The tragedy of the first Bali bombing has become visceral in Australia’s modern history, the first time our country felt the impacts of global terror in the region.

Australia’s NCCTRC Executive Director Professor Len Notaras AO says Darwin became a true humanitarian rescue “gateway” and a platform of hope during the response effort.

More than 60 severely injured patients were evacuated to Royal Darwin Hospital, with 20 admitted to the intensive care unit.

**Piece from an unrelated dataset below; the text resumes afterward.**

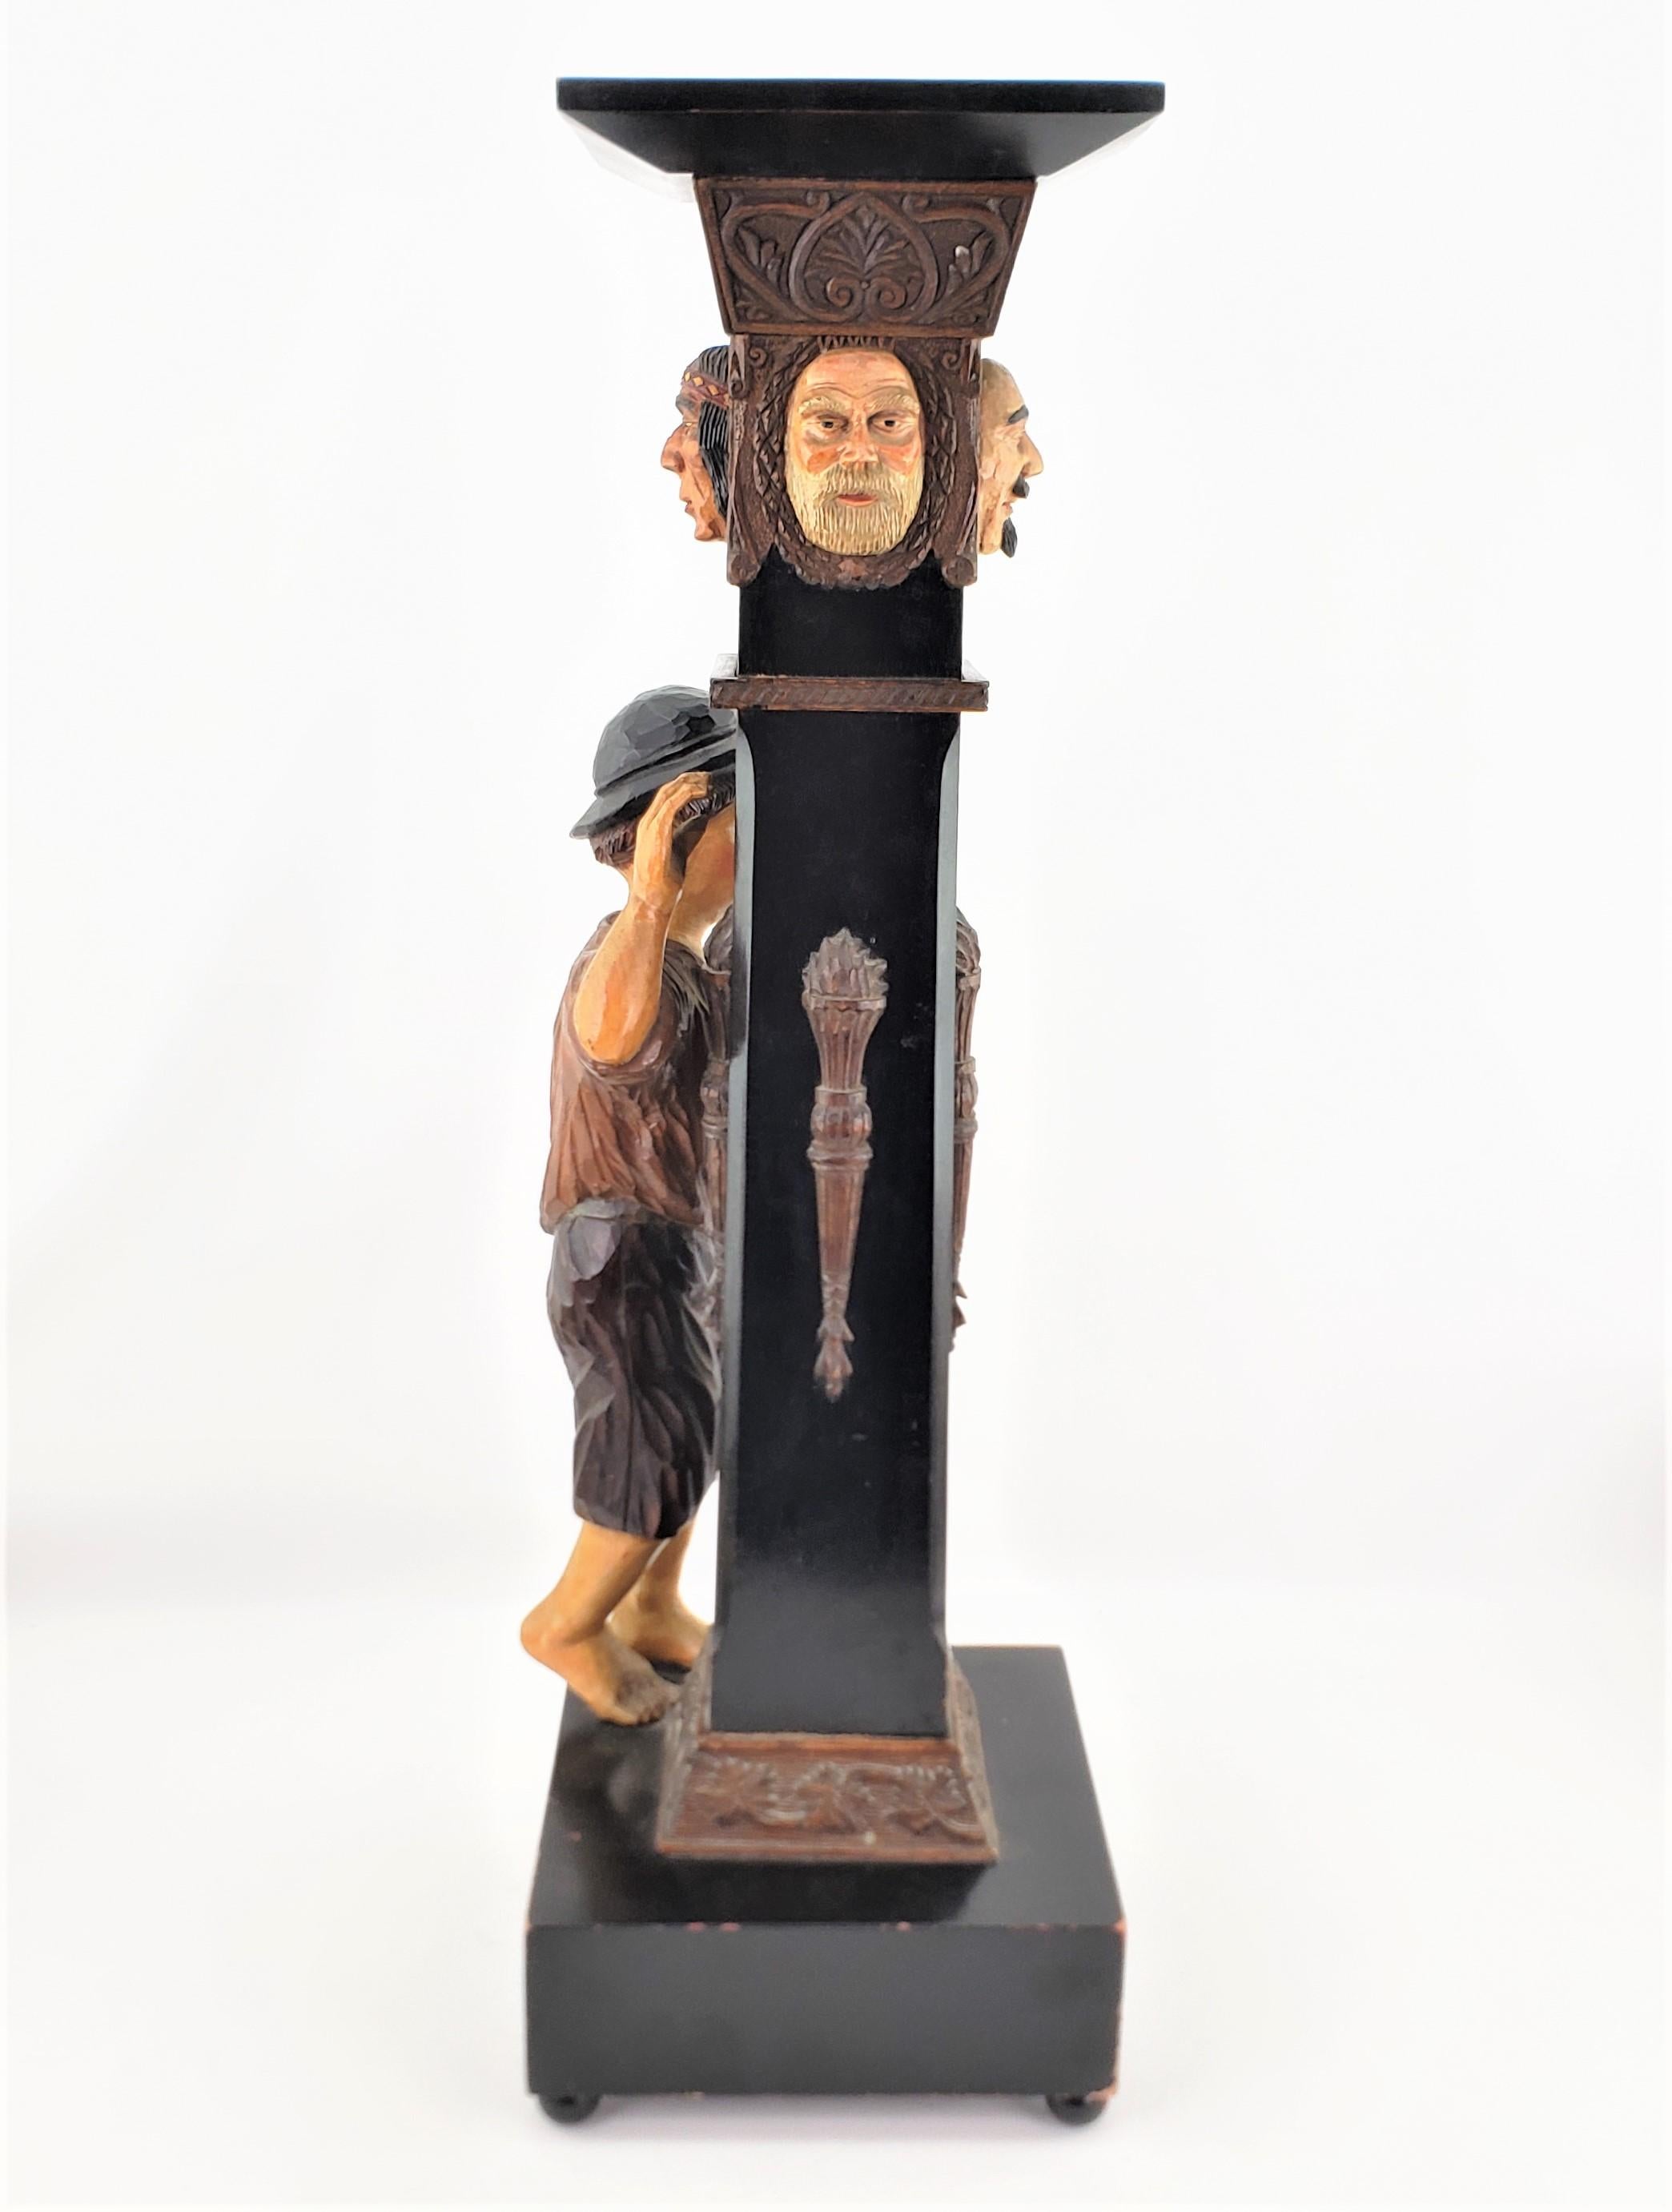 Antique Swiss or German Black Forest Styled Hand-Carved & Painted Pedestal In Good Condition For Sale In Hamilton, Ontario

The disaster operation was successful with all patients admitted, resuscitated, emergency treatment performed and then evacuated to interstate burns units within 36 hours.

“Darwin is a place of resilience – and has been historically,” Professor Notaras says.

“The response to the Bali bombings in 2002 demonstrated how we as a small part of our nation were able to apply ourselves and respond at a critical moment in Australia’s history.”

He recalls the moment a man presented at the Royal Darwin Hospital on the Sunday 13 October with burns and lacerations to the body after returning from Indonesia, and describing the traumatic and chilling event that had occurred in Bali.

“We didn’t have Twitter or 24/7 news at that point in time, so everything that had occurred in Kuta was yet to reach our shores, until this man arrived in our care,” Professor Notaras says.

“Suddenly, our staff at the hospital had to prepare for the likelihood of a mass casualty event and an influx of traumatically injured patients. I knew we could rise to the occasion.”

NCCTRC Manager of Strategic Projects Ronnie Taylor was a nurse practitioner in the emergency department at the time of the Bali bombings.

“There was a lot of responsibility placed on the nursing team that night,” he says.

“We were running out of dressings, the ambulance service was working around the clock, our fax machines just didn’t stop and the switchboard was inundated with calls from distressed family members searching for their relatives.

“It was a full community effort. The way Darwin and the hospital staff responded to the bombings is a story of rising to an unexpected tragedy and it truly felt like the entire nation stood behind us and supported everything we did in that moment.”

Twenty years on, Professor Notaras says the immediacy and professionalism of Darwin’s response was instrumental in the establishment of the NCCTRC.

“There are plaques all around the country commemorating the 2002 Bali bombings, but here in Darwin the NCCTRC is a monument to what occurred that day and the efforts of the incredible practitioners who responded.

“We as an organisation are a quiet monument to a significant, tragic and remarkable part of Australia’s history.”

In the years that followed the Bali bombings, NCCTRC has become a key component of the Australian Government’s disaster and emergency medical preparedness and response capability to natural, man-made and public health emergency of local, national and international significance.

Today, the NCCTRC coordinates and deploys the AUSMAT (Australian Medical Assistance Teams) on behalf of the Australian Government.

In the past three years, the focus has shifted to public health emergencies, such as the measles epidemic in Samoa, as well as to domestic deployments including the catastrophic bushfires in Victoria and New South Wales in January 2020, and Australia’s covid-19 response.

Ms Taylor says she is proud to not only have been involved in the Bali bombing response efforts, but to be part of the NCCTRC’s story from inception.

“We made a difference to the people who presented at the Royal Darwin Hospital that night,” she says.

“We saved lives, and I truly believe that is still what we do when NCCTRC and AUSMAT are requested to assist and support in the wake of a disaster in the Asia Pacific region.

“It was an event that imprinted on the health community. Now after 20 years, I am so proud of the way the centre has grown and how our vast AUSMAT and disaster response family across our region has developed and excelled as a result of such a tragic event.”